The board of hospitality company OYO has approved ‘ESOP Plan 2018’, a new employee stock ownership plan. The board has added more benefits in the new ESOP plan, which is an amended form of the one approved by its shareholders in 2013.
The company’s official told Inc42 that the new ESOP plan is focussed for its employees in India. It has about 4,700 employees working at OYO’s hotel chain across 160 cities in India both in corporate and on-ground.
The move OYO maintains is aimed at motivating employees to continuously create value for OYO and enjoy the benefits of phenomenal growth the company foresees.
The resolution passed by OYO board w.e.f July 10 said that the compensation committee formed by the board of director will administer the ESOP. The committee will also establish procedures for the administration of the scheme.

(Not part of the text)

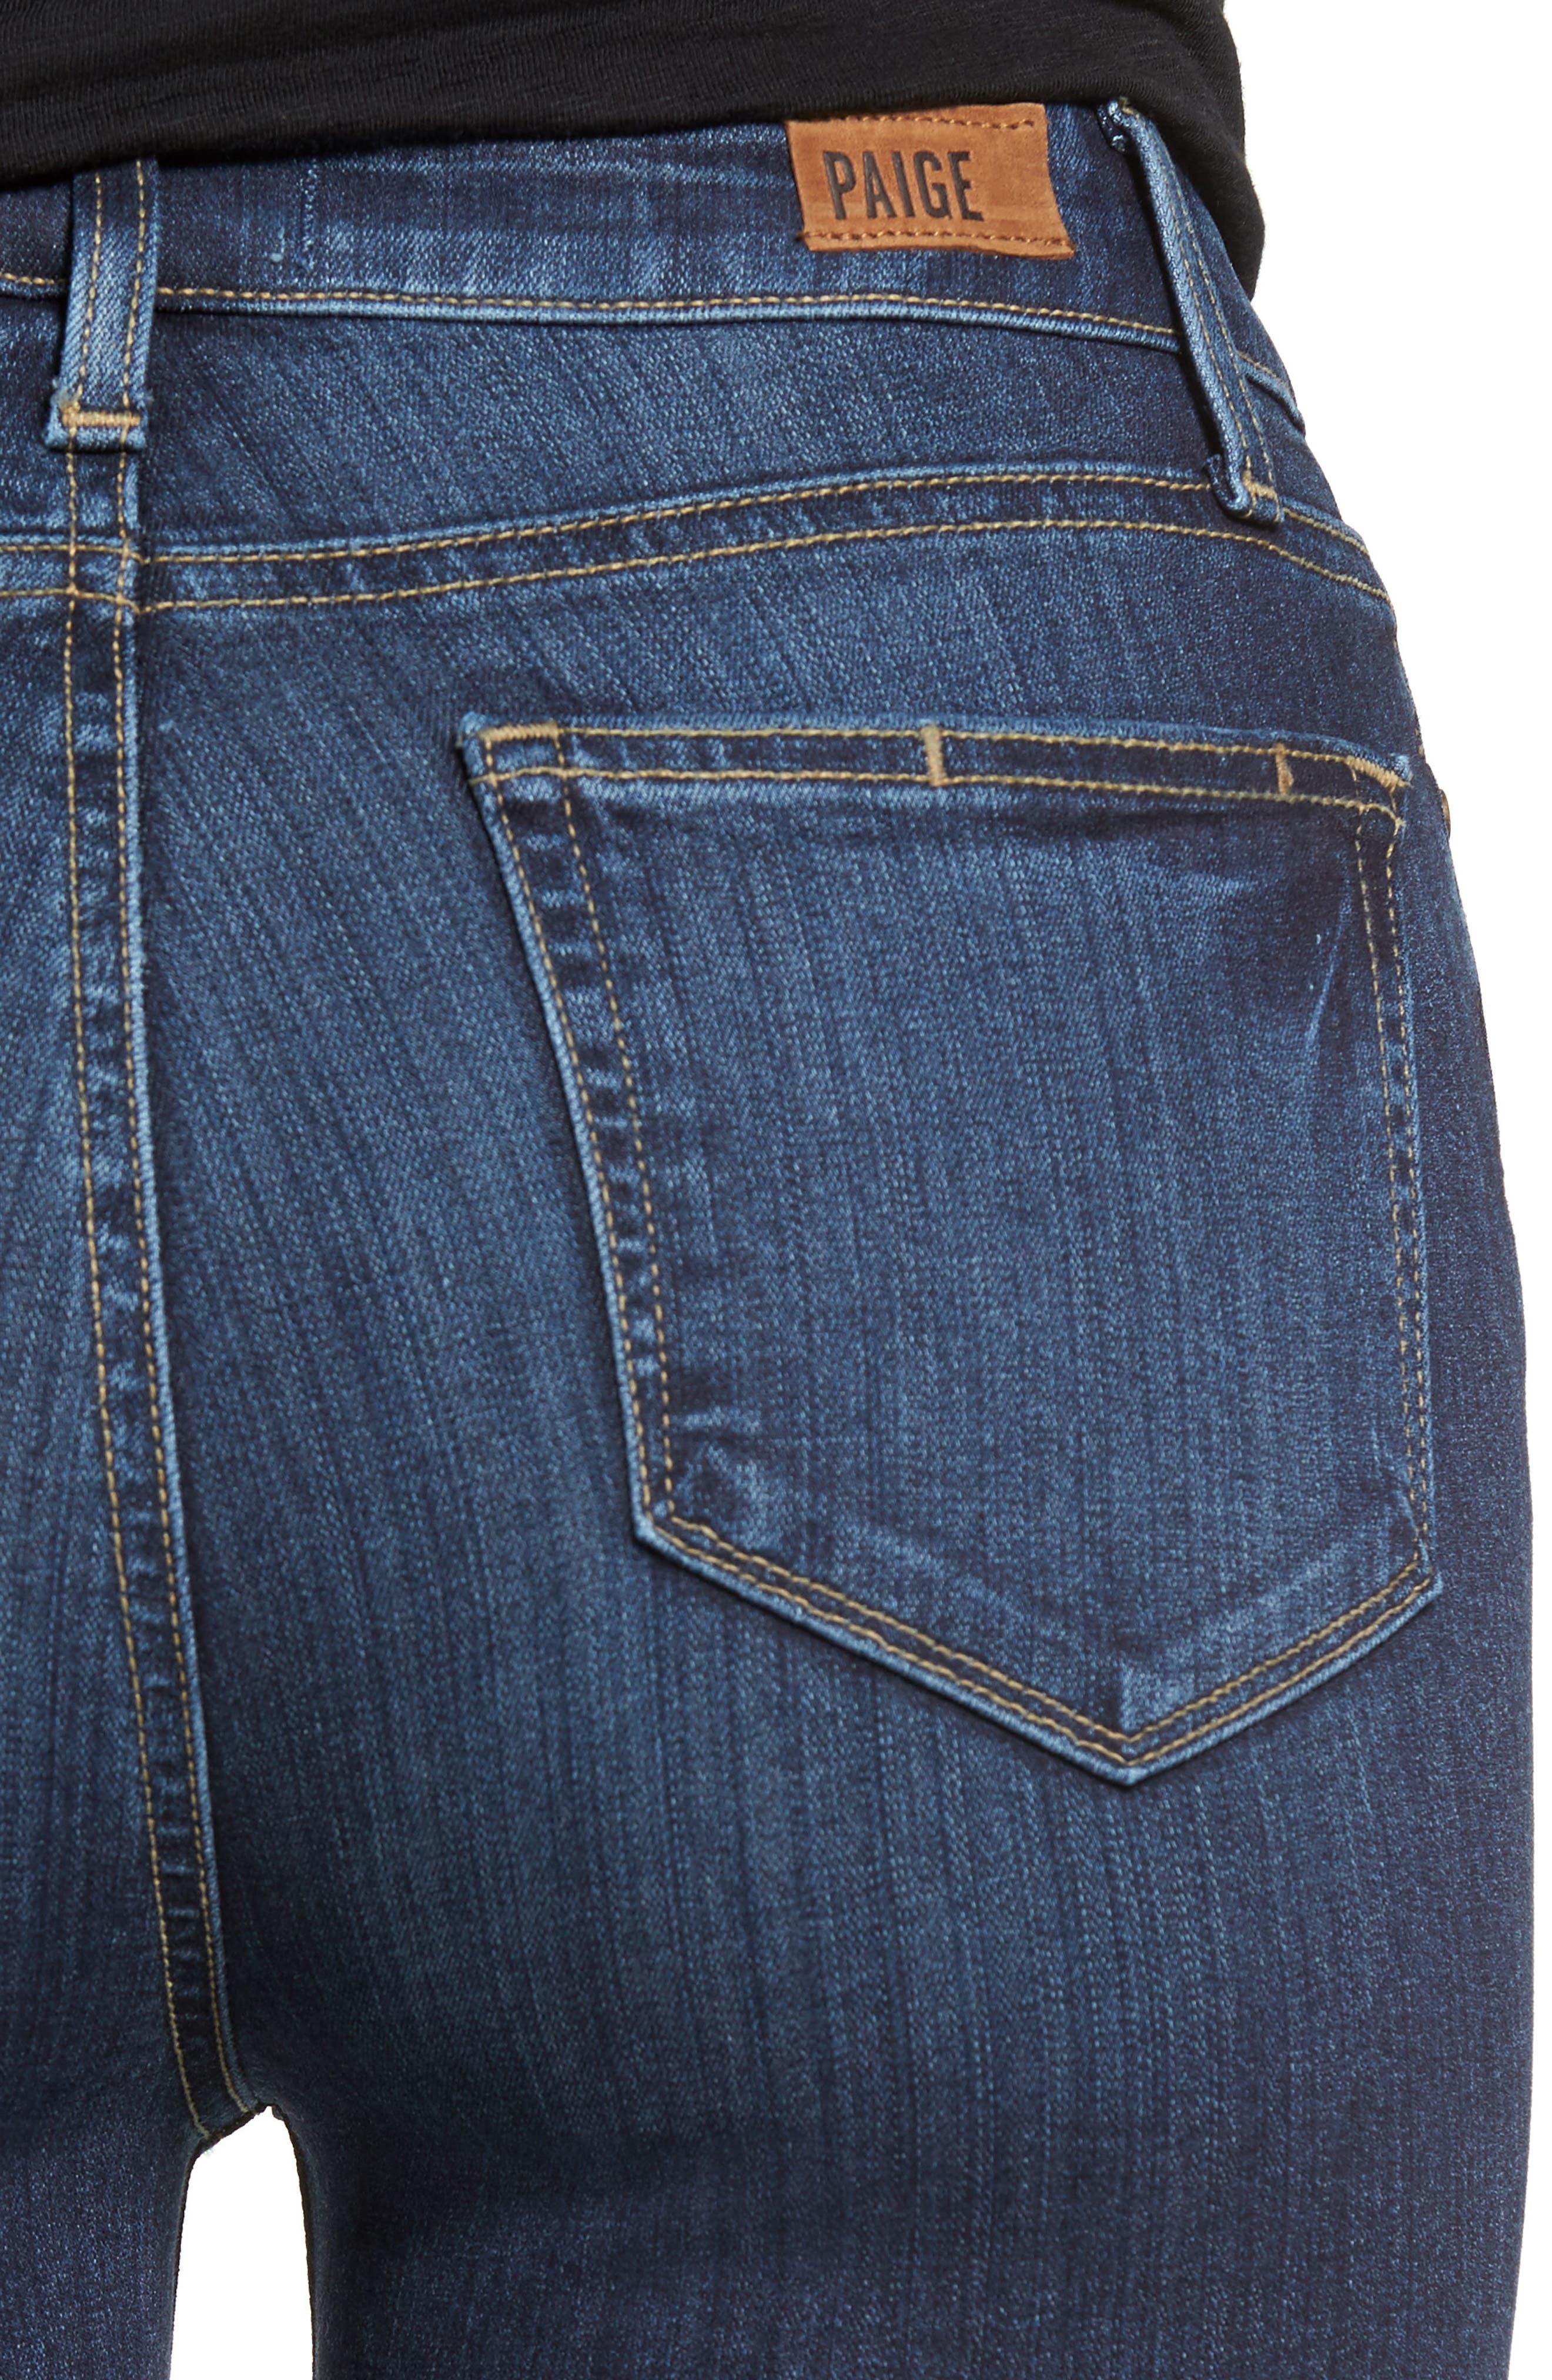 PAIGE, Hoxton High Waist Skinny Jeans, Alternate thumbnail 4, color, 400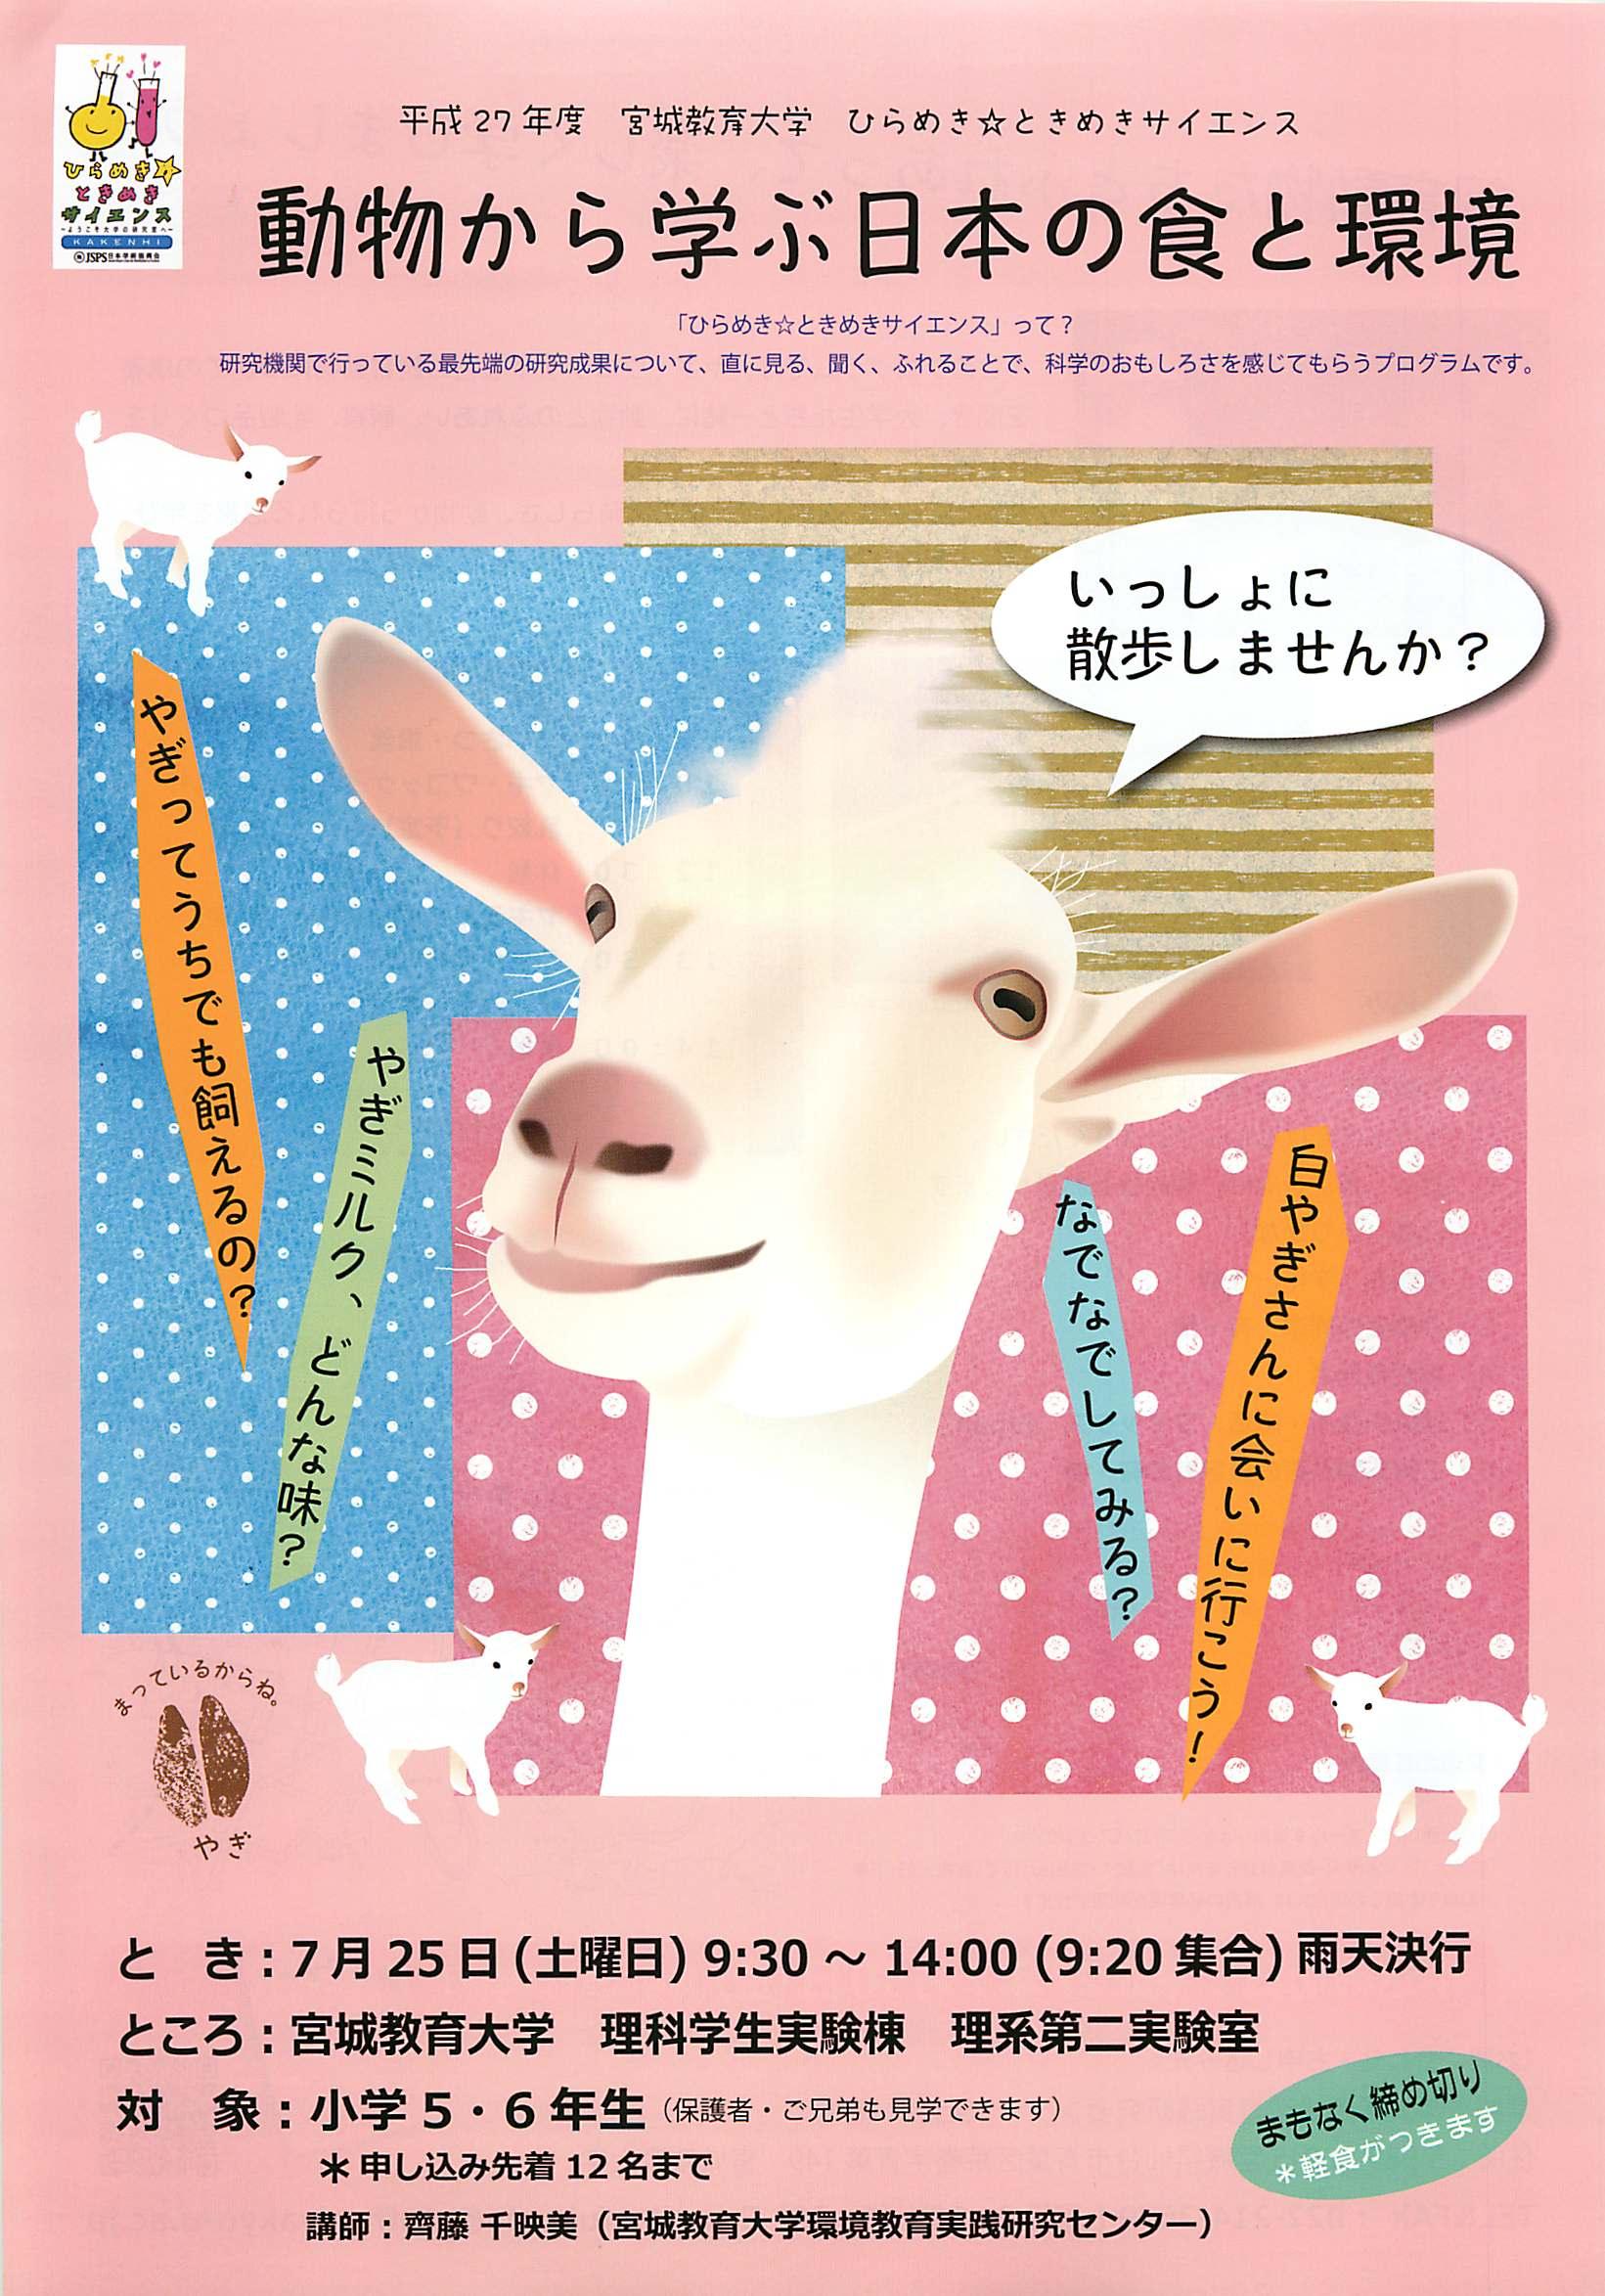 http://www.eec.miyakyo-u.ac.jp/blog/images/hirameki2015_omote.jpg

Related Article: OYO Adds 2,000 Stock Options To Its ESOP 2018 Plan
“The board of directors of the company is hereby authorised to grant stock options of number of underlying shares of such face value which may be subject to change due to change in the capital structure of the company… on the terms and conditions, and in such tranches as may be decided by the compensation committee of the board of directors of the company,” the plan states.
The ESOP Saga
Recently, the board of newest food delivery company Swiggy approved its first employee stock repurchase programme. The share buyback or Esop, which had to be implemented in June, was estimated at over $4 mn (INR 27 Cr).
In addition, founder and CEO of Paytm Vijay Shekhar Sharma had also pledged about 5% of his personal holding in Paytm Mall for the Esoppool. This move added about $50 Mn worth of stocks to the Esop corpus.
Further, early this year, furniture player Urban Ladder joined the Esop bandwagon and offered Esops in order to attract senior-level talent, according to the MCA documents filed by the company.
OYO recorded $54 Mn (INR 363.7 Cr) revenue in FY 2016-17. The company’s revenue turnover in in FY 2016-17 was $19.2 Mn (INR 125 Cr).
Towards the end of 2017, in December, the SoftBank-backed hospitality company shifted its business model from hotel aggregation to a franchise model. It now runs a pure-play franchise business, allowing hotel partners to run under the company’s brand.
OYO has is chain of hotels spread across geographies such as China, Indonesia, Malaysia, Nepal and speculated to be further exploring the US and the UK markets as well.
OYO spokesperson said, “All our efforts are directed towards doing what is relevant for OYOpreneur and our ESOP plan is one such example. OYO functions in a systemised setup, which has been the vision of management and we have a strong governance framework to oversee our compensation including stock plans.”